Почти сразу вслед за «Укрощением строптивой» Петренко сыграл Свидригайлова в «Преступлении и наказании» — спектакле, выросшем из самостоятельной работы другого молодого актера театра — Леонида Дьячкова. Его Свидригайлов, холеный русский барин, охочий до исследований глубин человеческой низости, жил в странном замедленном ритме, будто прислушиваясь к чему-то в себе. Странный свистящий смешок врывался неожиданно в его речь, он почти захлебывался в нем, когда рассказывал Раскольникову про вечность, о которой все думают, будто она что-то огромное, а там просто комнатка, вроде деревенской баньки, с тараканами по углам, — и становилось ясно, что половиной души Свидригайлов уже там, в комнатке вроде баньки, слушает, как тараканы шуршат. А здешнее, земное существование продолжается по инерции, со слабой тайной надеждой: вдруг зацепит, воскресит его душу живое чувство. Увидев Петренко в этой роли, Элем Климов понял, что нашел Распутина для своей «Агонии». Положенный на полку фильм увидели Алексей Герман (и так появился знаменитый семиминутный монолог летчика в «Двадцати днях без войны») и Александр Митта (и так фильм про арапа Петра Великого стал фильмом про то, «как царь Петр арапа женил»).

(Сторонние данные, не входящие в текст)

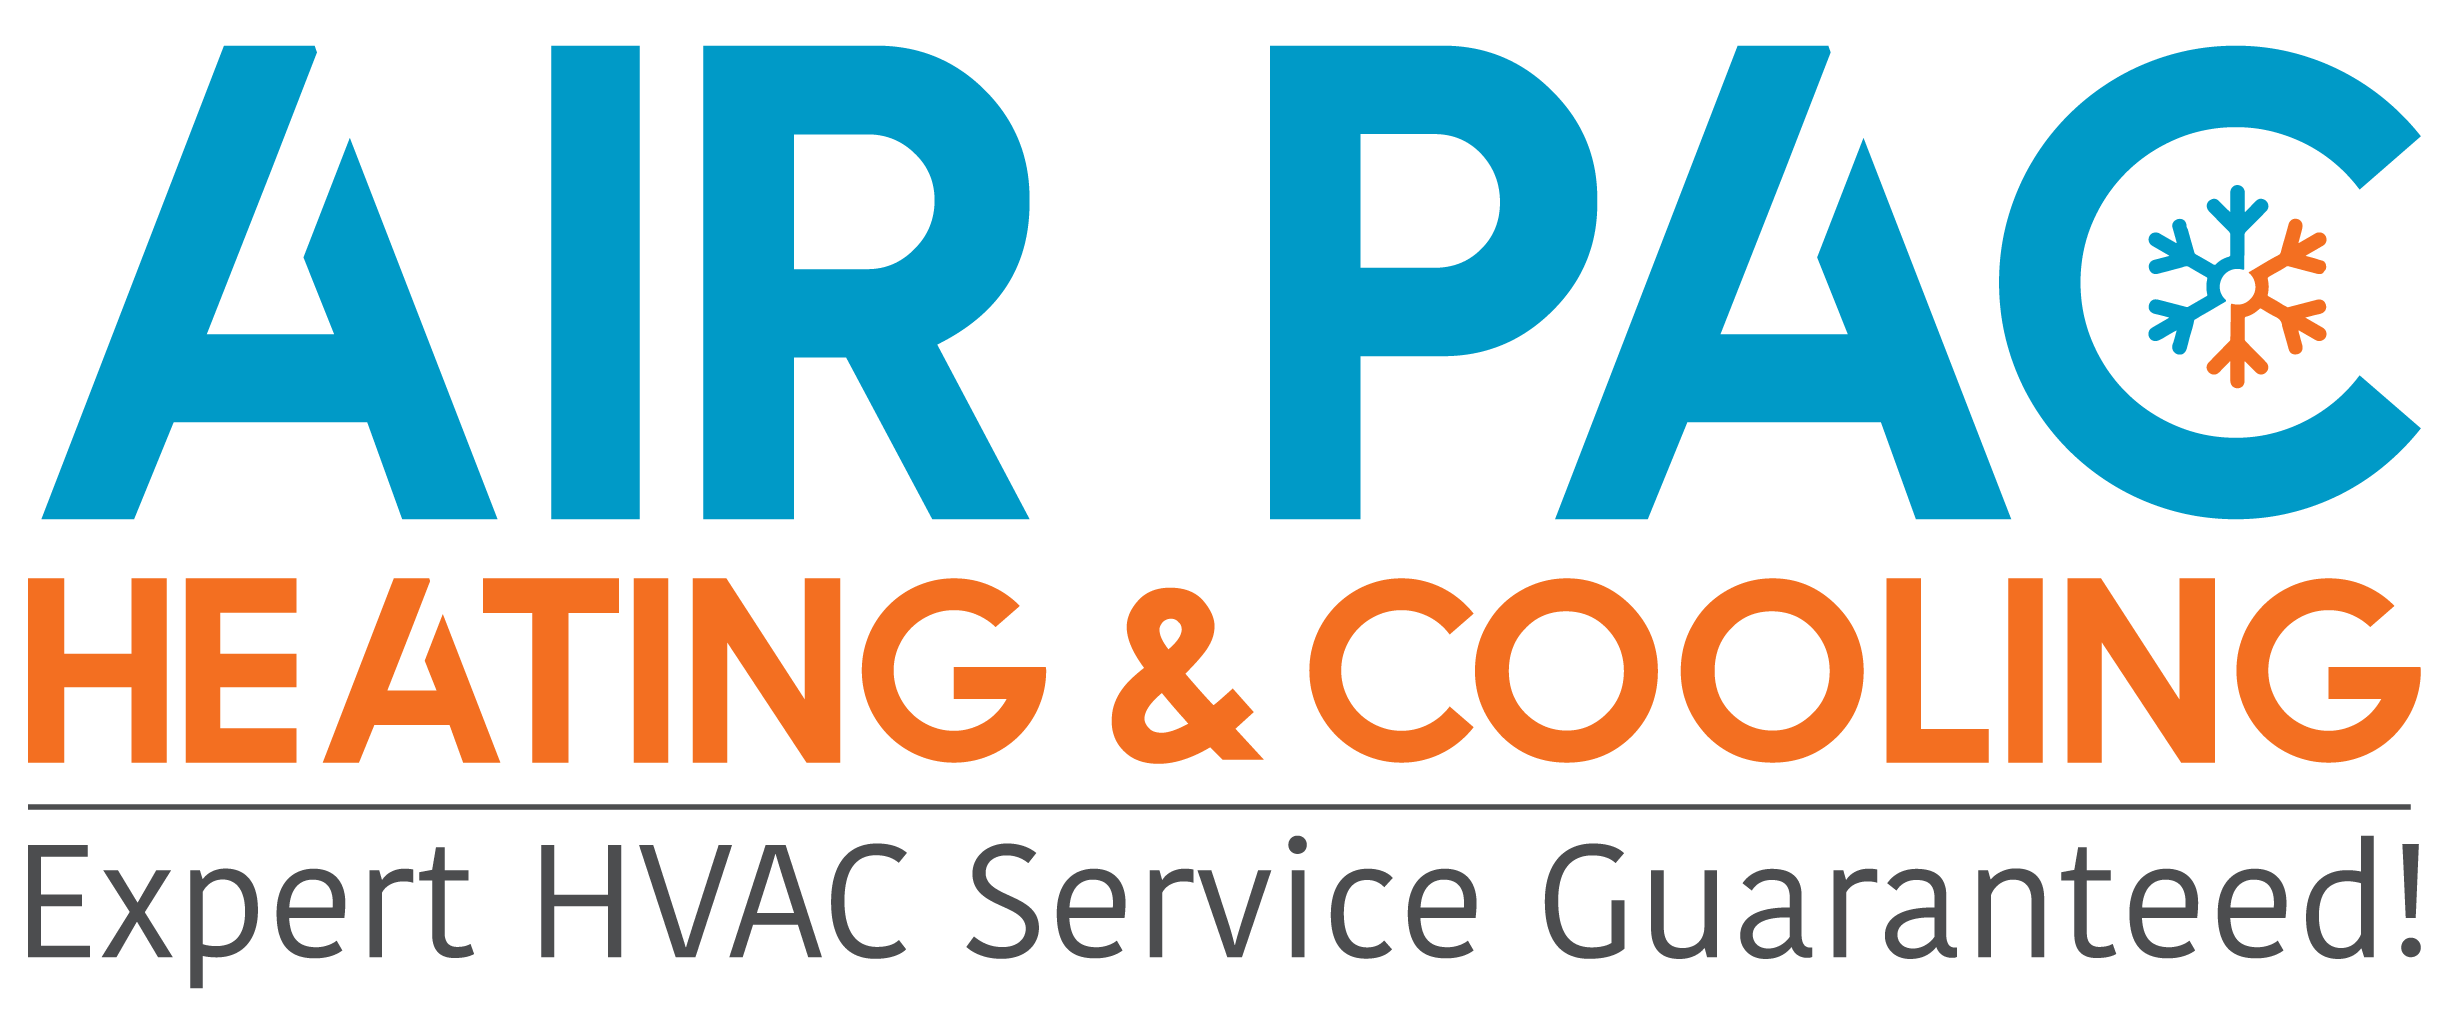 AIR PAC Heating & Cooling | The Best HVAC Company in Richmond Hill, Toronto & GTA

У Игоря Петровича Владимирова был нюх на актеров и редкостное умение взращивать актерский дар. Набранные им в начале 1960-х молодые и зеленые через несколько лет сформировались в блестящий ансамбль. Владимиров был азартен, любил удивлять и удивляться, строил спектакли на репетициях, а не в уединенной тишине (и тишину, и уединение он вообще с трудом переносил), требовал от актеров активного соучастия в игре, мгновенно принимал интересные предложения, тут же развивал их и даже то, что отбрасывал, использовал как реактивное топливо, чтобы двигаться дальше. Петренко был «его» актером — может быть, более чем кто-то другой. Они оба были рослыми красавцами в молодости, оба сочетали недюжинный темперамент с комическим и музыкальным даром, и оба любили похулиганить на сцене, закладывая виражи, заступая за грань и не нуждаясь в рациональных объяснениях.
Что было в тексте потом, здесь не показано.